Don't overlook these crucial enterprise CPU updates
Despite its critical role in cloud application performance, the enterprise CPU is often overlooked. Learn about next generation hardware, and why it's important to cloud.
Intel recently released a new generation of the enterprise CPU. These new CPUs, version 4 of the venerable E5 and E7 product lines, have some pretty impressive specs: more cache, more cores, faster RAM and more RAM, too. The interesting part about this release, though, is that nobody seemed to notice.
Maybe it's all this cloud stuff. Maybe we've moved past caring about hardware. The higher you get in an IT command structure, the more you hear that hardware doesn't matter, that applications and the cloud are the future. I don't disagree -- applications are the tip of the spear in IT, because applications are what get things done. Problem is, the underlying hardware has everything to do with both the performance and the economics of those applications -- even in the cloud.
Nothing punctuates the idea that hardware matters more than looking at a cloud provider's offerings. If cloud hardware doesn't matter, why does Amazon have instance types, all with drastically different specifications? No matter how much a CIO doesn't want it to be true, someone on their staff must be adept enough to mate an application with an instance type. A wrong matchup between apps and instance types means poor performance, higher costs and wasted staff time -- not unlike the risks associated with matching apps to on-premises equipment.

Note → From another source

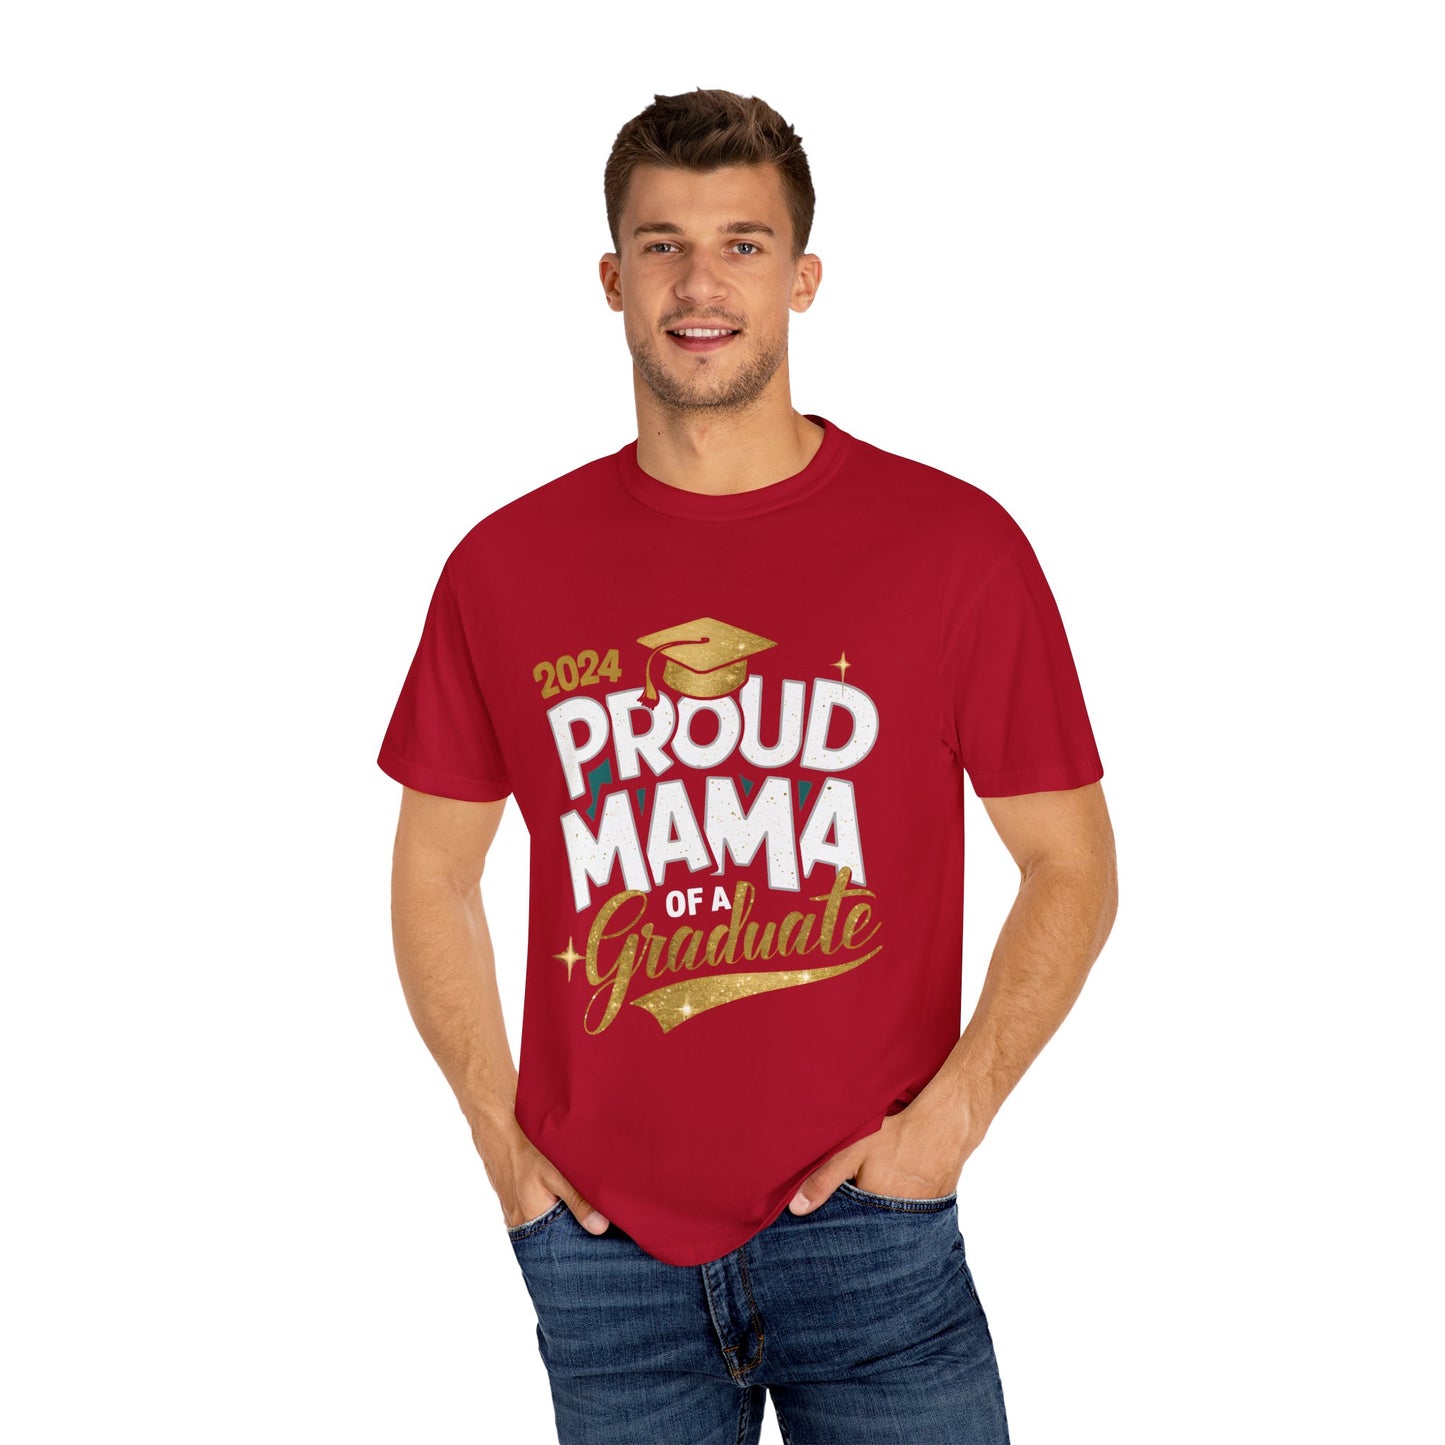 Proud Mama of a 2024 Graduate Unisex Garment-dyed T-shirt Cotton Funny Humorous Graphic Soft Premium Unisex Men Women Red T-shirt Birthday Gift-21
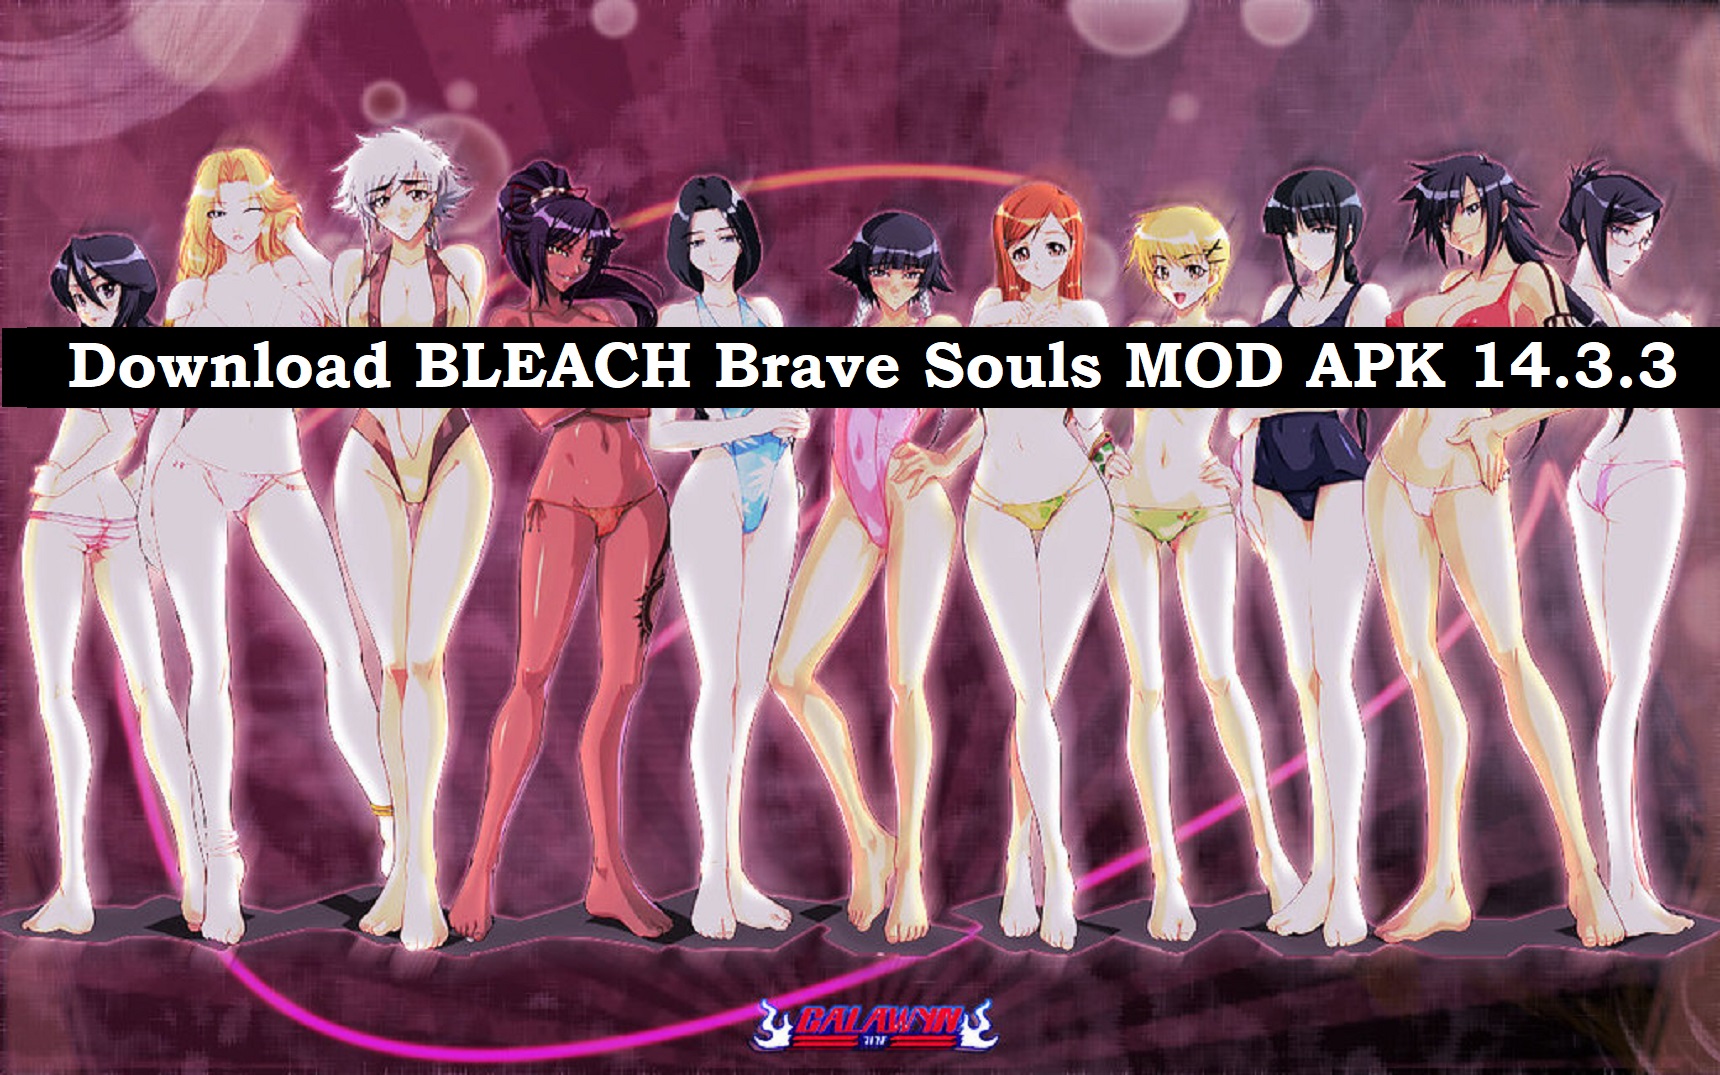 Download BLEACH Brave Souls MOD APK 14.3.3

If we look closely at the descriptions of cloud instances we also see the generations of hardware underneath the instances, too. In Amazon's case, we see cloud hardware as old as the first version of the E5 CPUs. Given the processor types they list, we know that its version 1 servers have eight cores per socket, or 16 per server. These new CPUs that Intel just released have, at the maximum, 22 cores per socket, or 44 per server. With the additional cache and manufacturing improvements, we'll call it a 5x improvement in performance, an estimate backed by CPU throughput benchmark listings on SPEC.org.
Five times the performance is nothing to sneer at, and I'd guess there will be much less than a 5x price difference between the two instance types. Maybe your organization is smart enough to choose instance types wisely.
Five times the performance is also nothing to sneer at in your own data center. The original E5 CPUs were released in the first quarter of 2012, so that fivefold increase in performance comes over the span of only four years. Along with improved performance, the newer enterprise CPU offers better manageability and lower power consumption. As a result, I've started to think that perhaps the problem with on-premises equipment is that we don't replace it often enough. Public cloud providers don't run VMware software, they run open source hypervisors, largely because they want to reduce license costs. Public cloud providers also license other software, like operating systems, at a per-VM level, whereas we typically assign socket-based licenses to hosts for our on-premises equipment.
We tend to hang on to our servers, thinking that if we can run them for five, six or seven years they become very cost effective. It's really the opposite, though. After four years, I could have five times the computing power in the same footprint as my old servers, at the same price point. What does that do to my license costs? It should halve them, at least. Then what does that do to my overall cost of ownership? And that is what I'm afraid of, because it means in our rush to distance ourselves from our hardware -- mistakenly thinking that the cloud means no hardware -- we've removed ourselves from important cost savings discussions. Intel's enterprise CPU is the latest example of this.
Maybe the private cloud and public cloud comparison is more apples to apples than we thought.
Bob Plankers is a virtualization and cloud expert at a major Midwestern University.